After years in the business, Bailey said, funeral directors become familiar with the peak season for deaths — the weeks after Christmas. That’s why, between Reid & Sons and their two affiliate funeral homes, there are 17 decedents waiting for burial or cremation.

“There’s something internally with a lot of [terminally ill] people that can help them along so they make it to Christmas,” he said. “And after Christmas … they let themselves go then.”

At social gatherings, Bailey said he needs to keep up his professionalism, being guarded with his words.

Not everyone wants to overhear details behind a death after all, because it might be their neighbour. Or their cousin. Or best friend.

“If … you’re at a bar somewhere, you can’t just get loaded up and get up on the tables and dance or get in a fight because you’re the funeral director,” Bailey said. “You’re always on, if you will.”

The conversation gets easier from here. I ask if he’s superstitious. He’s not, though his son saw a ghostly apparition once. Does he still have a favourite flower? “The light ones,” he said.

Most embalming takes place at their affiliate, Gordon F. Tompkins Funeral Home on Colborne St., but sitting on the counter of Reid and Sons’ basement embalming room, there’s an urn with one half of a married couple inside. The other is on its way, but I wonder how an entire person can be held in two handfuls.

“They’ll be together in this urn forever,” he said.

Behind us is what Bailey’s sons call “his table.” It’s a bed, slightly shaped like a surgical table, where people are made to look peaceful in death.

It can’t have always been easy for Bailey, so I ask him what his first time embalming was like — before two years of training in Humber College’s funeral services program.

Here’s a memory that’s lasted throughout his 16-year career. He tells me that everyone in the business has their stories they cling on to. This seems to be one of his.

An 18-year-old Bailey, a few weeks into working for the local funeral home, was asked to embalm the body of a hockey teammate, a boy he’d sat next to on the school bus.
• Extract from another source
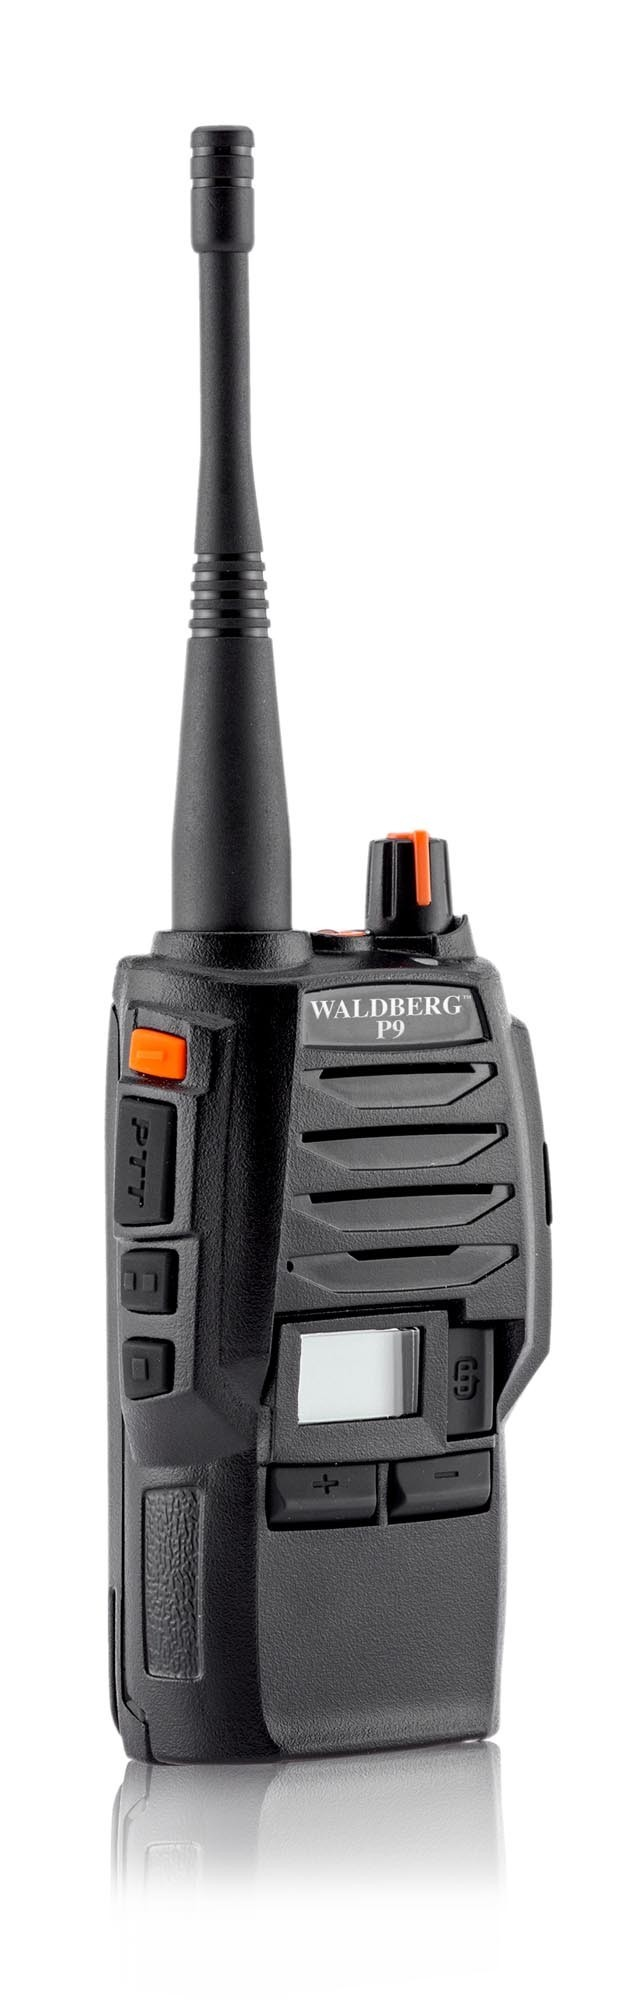 talkie walkie walderg p9 avec oreillette talkies walkies t l phones mobiles made in chasse. Black Bedroom Furniture Sets. Home Design Ideas

“Friday night I’m playing hockey with the guy … and on Saturday night I’m looking at the inside of his head,” he said. “The funeral director then said to me, ‘You’re not doing this for you. You’re doing this for his mum and dad.’”

Now embalming is routine. It only takes two hours, but families are always impressed with the work.

“They think we’ve done a wonderful job but we’ve basically just given them a better image to say goodbye to, rather than what they saw at the nursing home or at the hospital.”